Since the Democrats won control of the House in the 2006 elections, Edwards has chaired the Appropriations Military Construction, Veterans Affairs and Related Agencies Subcommittee. In 2007, he reacted cautiously to President Bush’s troop surge. “I have serious concerns about the ability of a U.S. troop surge to solve the sectarian violence. But I think the Congress should be extremely careful before it stops the commander-in-chief from implementing the plan,” he said. Edwards resisted fellow Appropriations subcommittee Chairman John Murtha’s attempt to put readiness requirements into the 2007 war funding bill that would prevent scheduled troops from reaching Iraq, and Murtha’s plan was stopped. On the Appropriations committee in 2007, Edwards helped pass a $10 billion increase for the VA, mostly for veterans’ health care and benefits. Democratic House Speaker Nancy Pelosi has relied heavily on the politically savvy Edwards in reaching out to veterans’ groups. The economic stimulus bill enacted in February 2009 included $8 million for construction projects at the Waco VA hospital.

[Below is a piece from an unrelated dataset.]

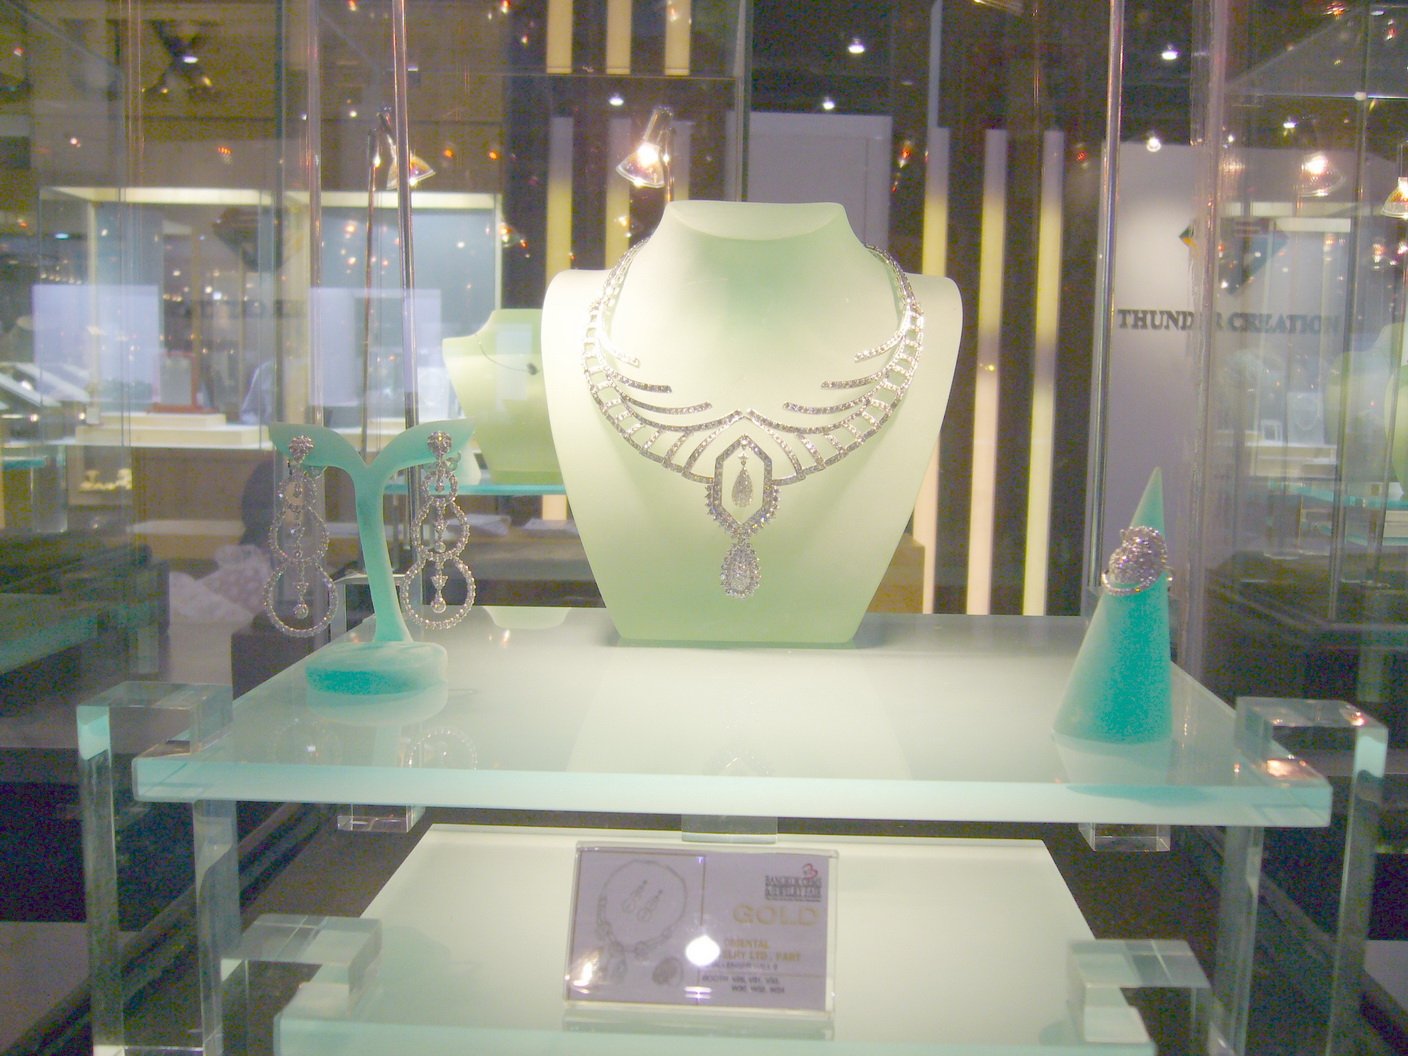 Hot 2007 Jewelry Design Award in Bangkok Gems & Jewelry Fair by L.S. Jewelry Group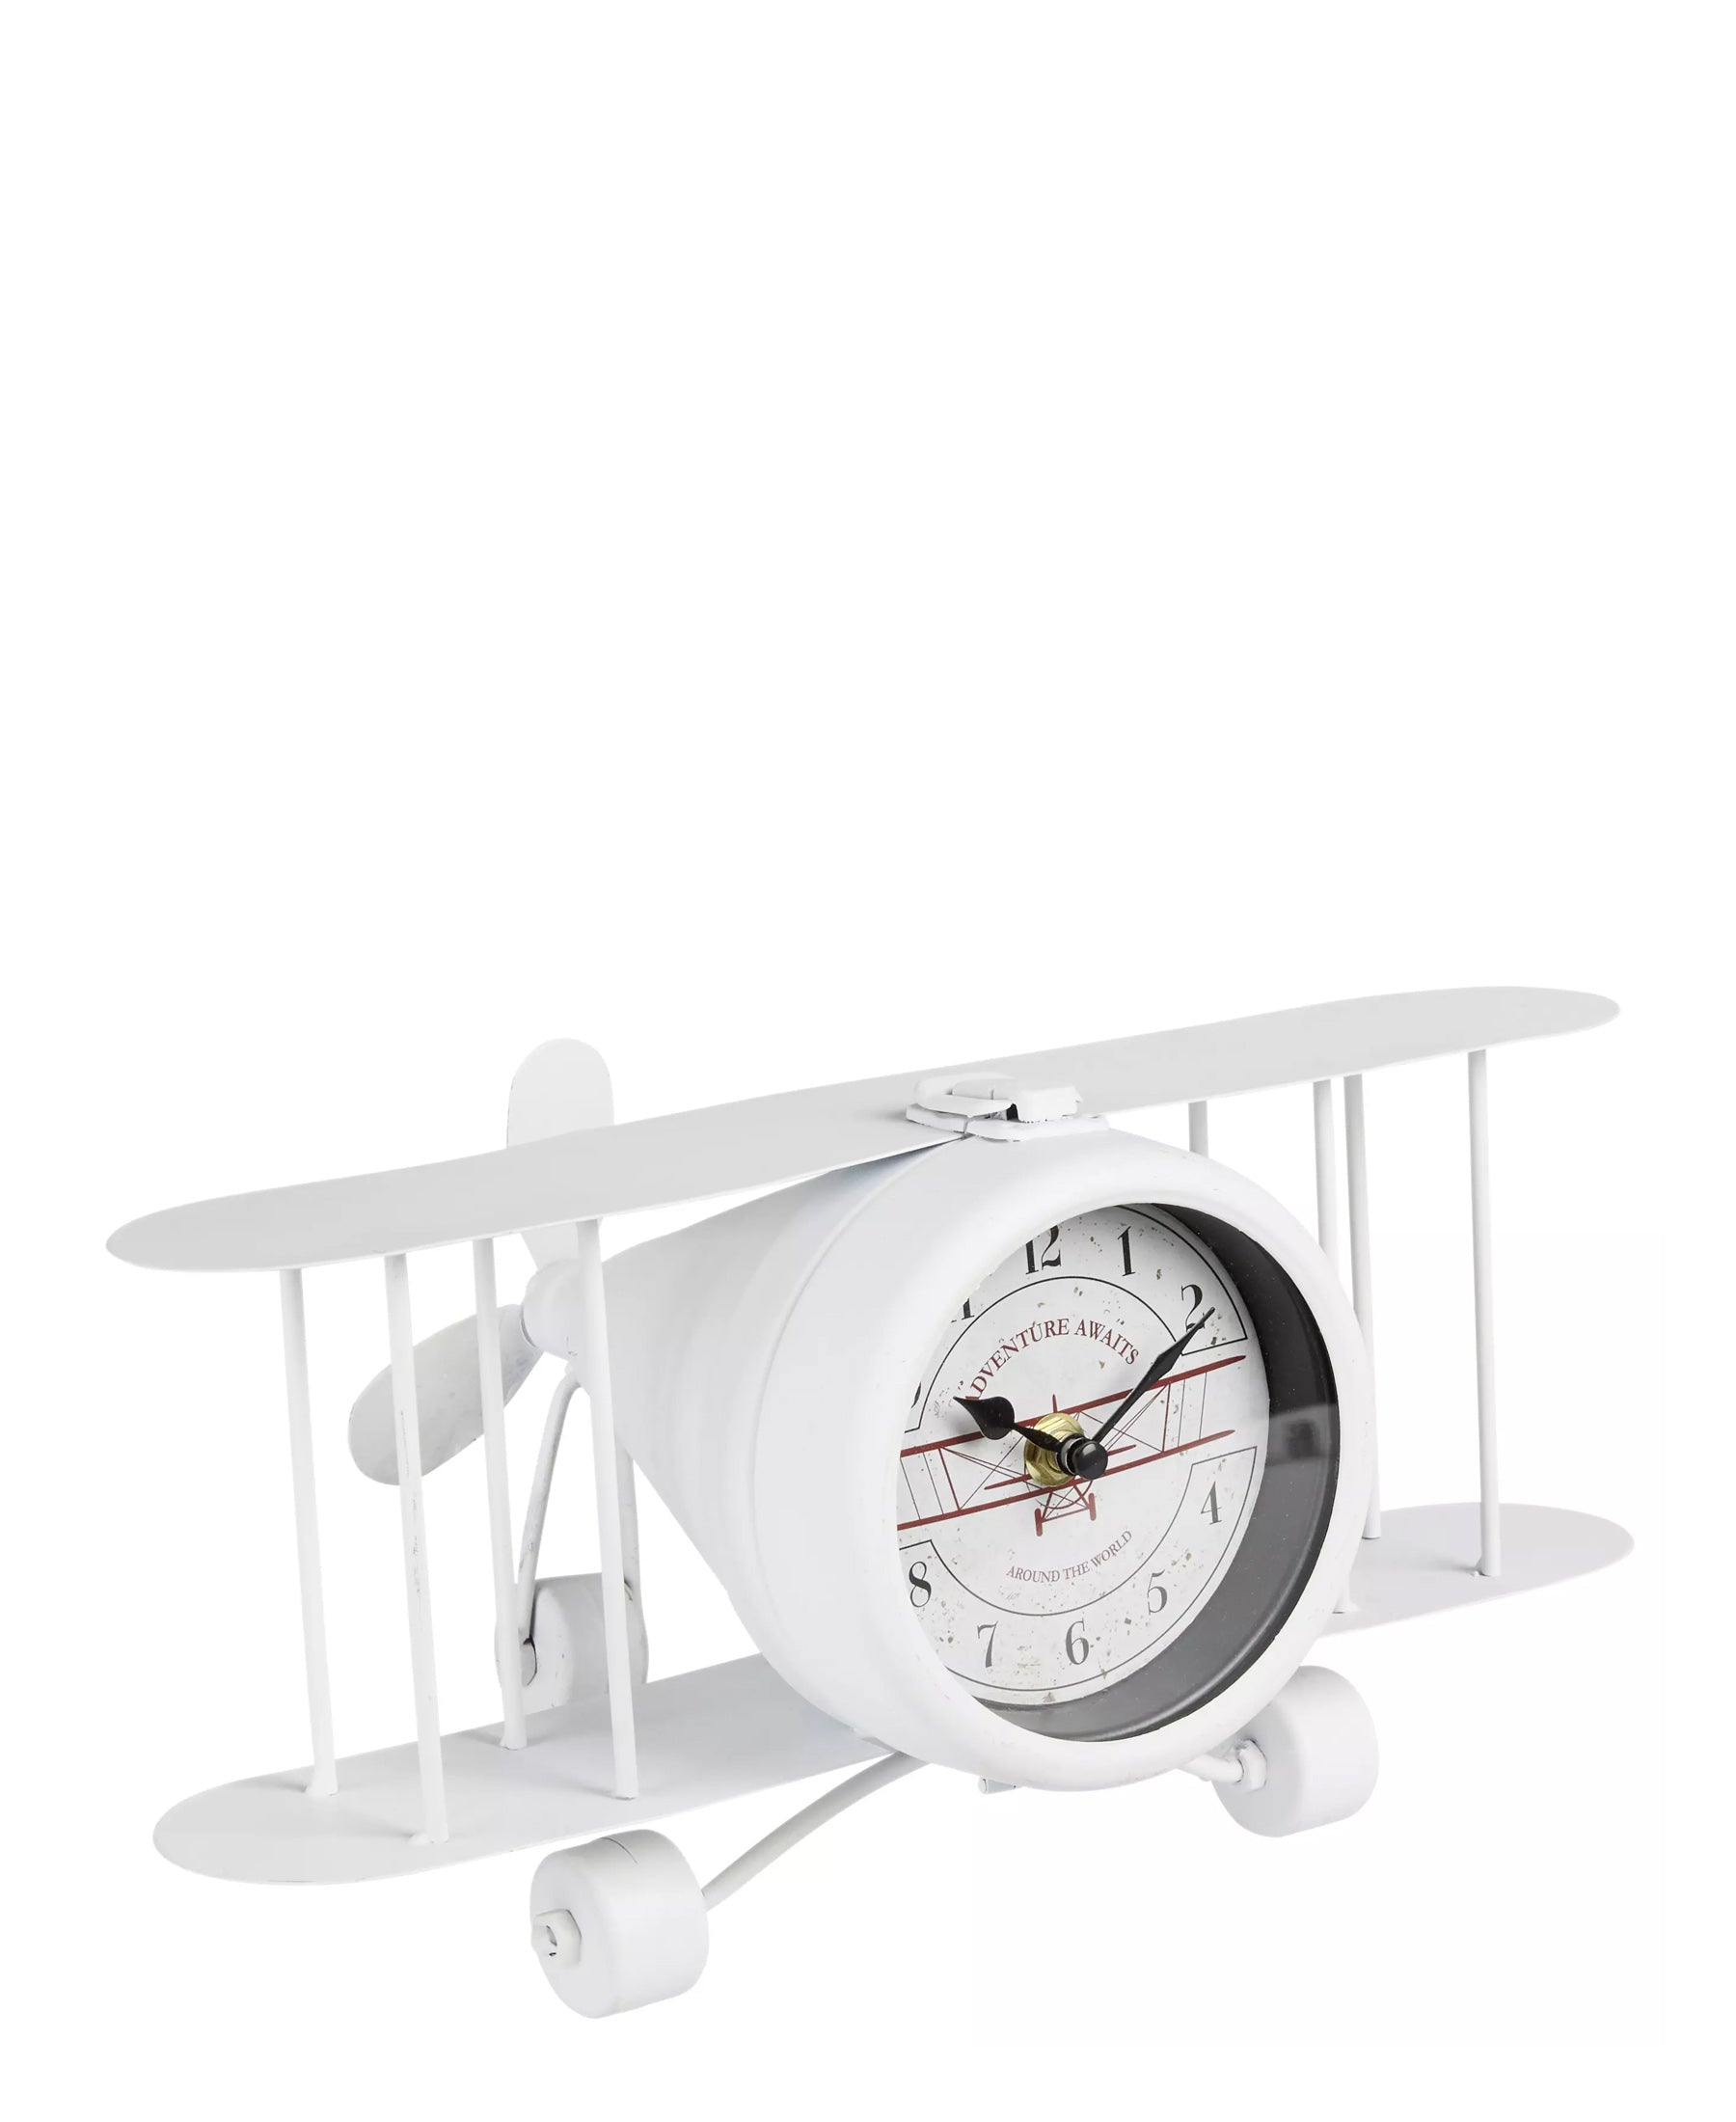 Urban Decor Retro Clock Airplane - White

Edwards’ growing influence did not mean an end to Republican efforts to defeat him. In 2006, he faced wealthy Iraq war veteran Van Taylor. Edwards unleashed attacks on Taylor, pointing out that he had only recently moved into the district (although Edwards himself moved from Dallas County to Waco to run in 1990) and asking exactly how much Exxon Mobil stock Taylor owned. Taylor’s disclosure forms said it was between $5 million and $25 million. Taylor spent $1 million of his own money. But in the more Democratic climate of 2006, Edwards won by his widest margin in the decade, 58%-40%. In 2008, his GOP challenger, Robert Curnock, garnered little money or national attention, but he sought to turn to his advantage the Edwards’ support for Democratic presidential candidate Barack Obama. Edwards won 53%-46%. Curnock won Johnson County, but Edwards benefited from a 60%-39% lead in McLennan. In 2008, Pelosi enthusiastically encouraged Obama to place Edwards on his short list of potential vice presidents.